Some of Birkbecks computers are at a different location within the city ;
however, they are still connected to each other and hence also constitute a LAN.
When several such LANs are connected to each other (over wider distances) we
refer to the ensuing structure as a Wide Area Network (WAN) !
The Internet is the world-wide conglomerate of LANs and WANS, ethernet
links and dedicated phone lines, a network of networks. The Internet spans
political and geographical borders and through connectivity of all manner of
computers it provides information on a wealth of topics, from apple pie over atomic
decay to zeta particles !
The Crystallography department is itself connected to the Internet which is
how you can actually access our computers - and read this file !
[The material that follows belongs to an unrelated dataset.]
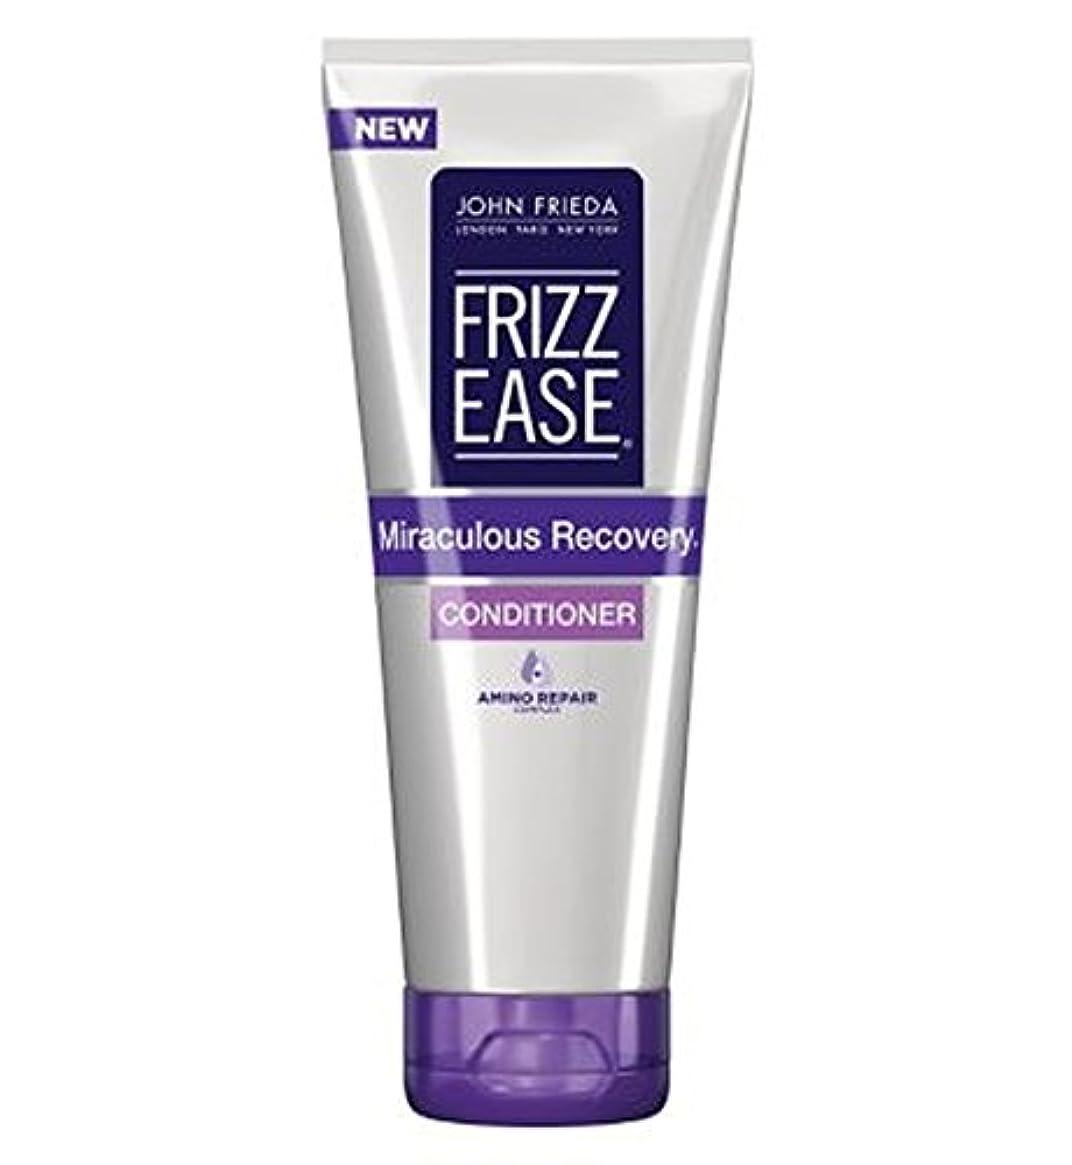 事件、出来事学習者タイトジョン?フリーダ縮れ容易奇跡的な回復コンディショナー250Ml (John Frieda) (x2) - John Frieda Frizz Ease Miraculous Recovery Conditioner 250ml...
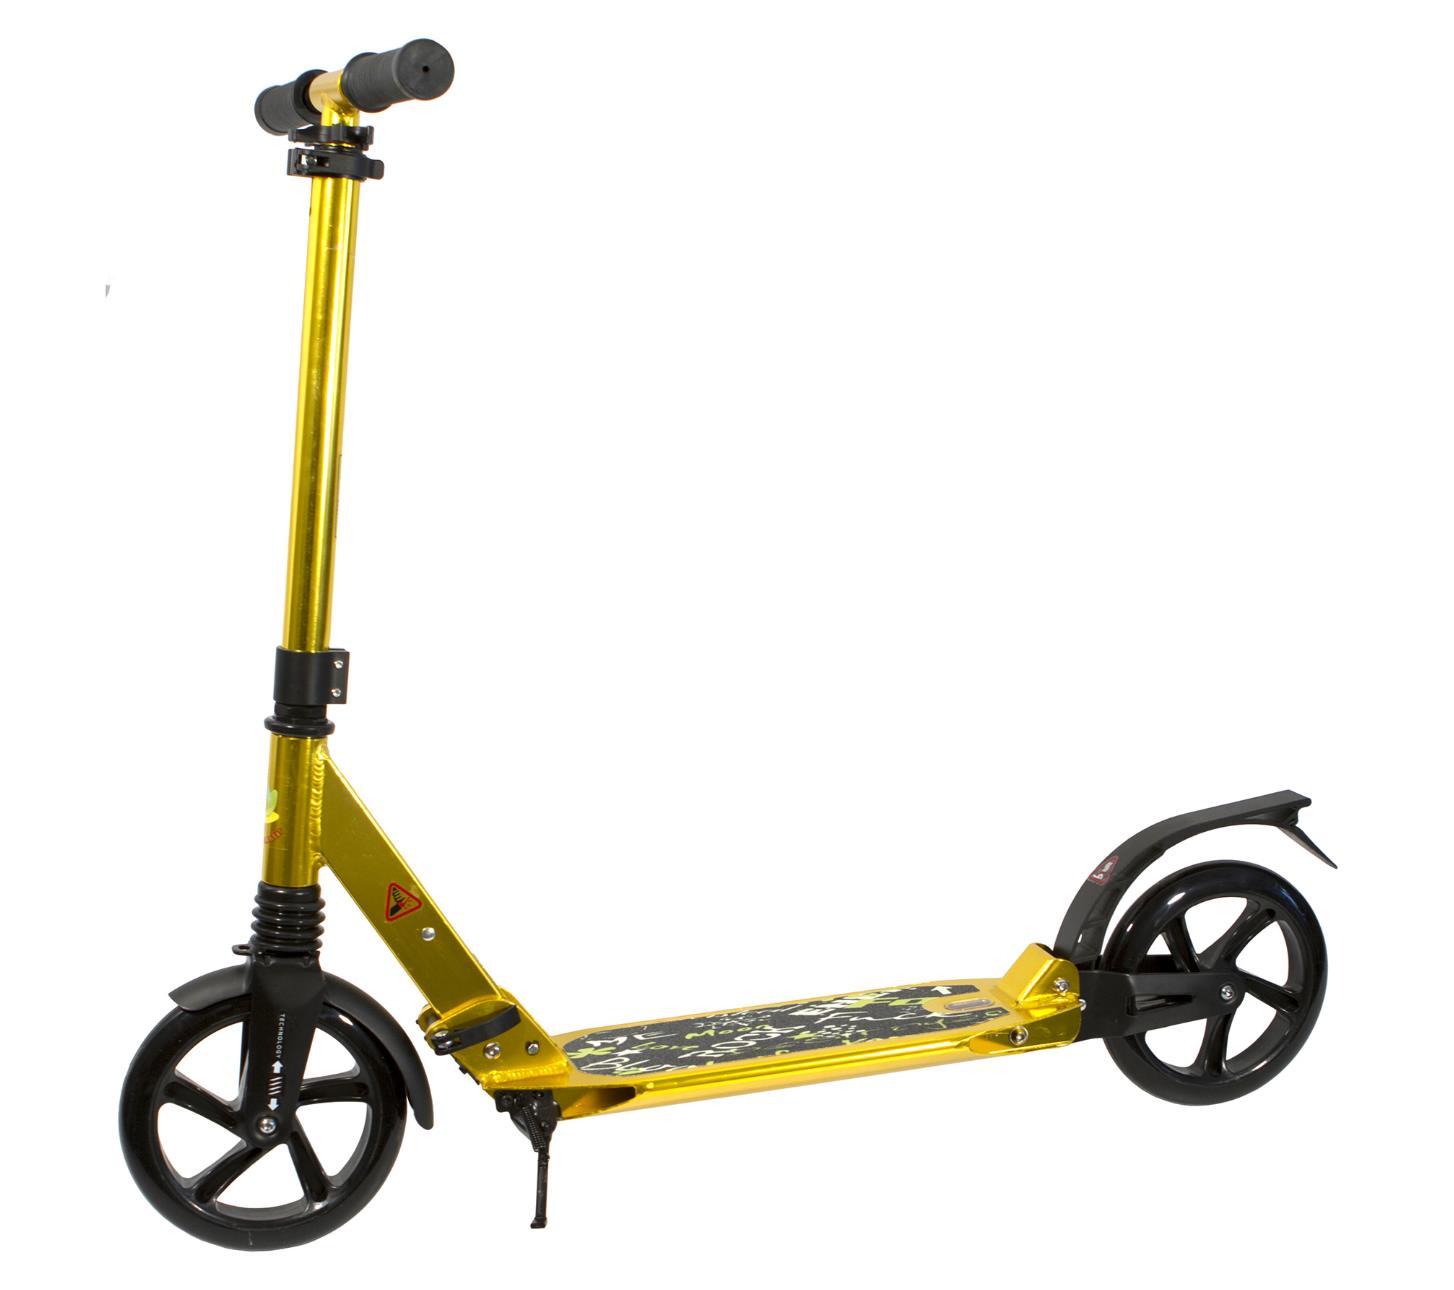 Купить Самокат Olimp SKL-03 в интернет магазине. Цены, фото, описания, характеристики, отзывы, обзоры

Computers on the Internet can be accessed by specifiying their address.
This can be done in two ways:
- Using the Internet Protocol (IP) address. This consists of four
numbers separated by a full stops (the dotted quad), and is known
as the IP Number, for example 18.104.22.168
- Using the Domain Name System (DNS):. The DNS Address consists of letters
(sometimes containing a numerical digit or two) and there are not necessarily four
parts to the address as with the IP Number.
For example mv3b.cryst.bbk.ac.uk denotes the VAX computer called
mv3b in the crystallography department at
Birkbeck College in the Academic Community
in the United Kingdom !
You can probably see that the DNS address is more user-friendly than IP
numbers. DNS addresses are hierarchical and its often possible to guess
addresses based on abbreviations and country codes. For example:
- Educational establishments often contain or end in edu (short for
- Companies often have an address ending in com, Government sites may
end their address with gov and military sites terminate in mil !
- Especially in Europe, many site addresses have the international country code
as their last entry. Examples include at for Austria, ch for
Switzerland or au for Australia.
- World Wide Web address often start with the WWW qualifier while
ftp denotes a File Transport Protocol (FTP) server. This is not always
the case though !
- Company addresses are typically composed of a www followed by the
company name or abbreviation and ended with com. Known examples
include www.ibm.com, www.apple.com and so on.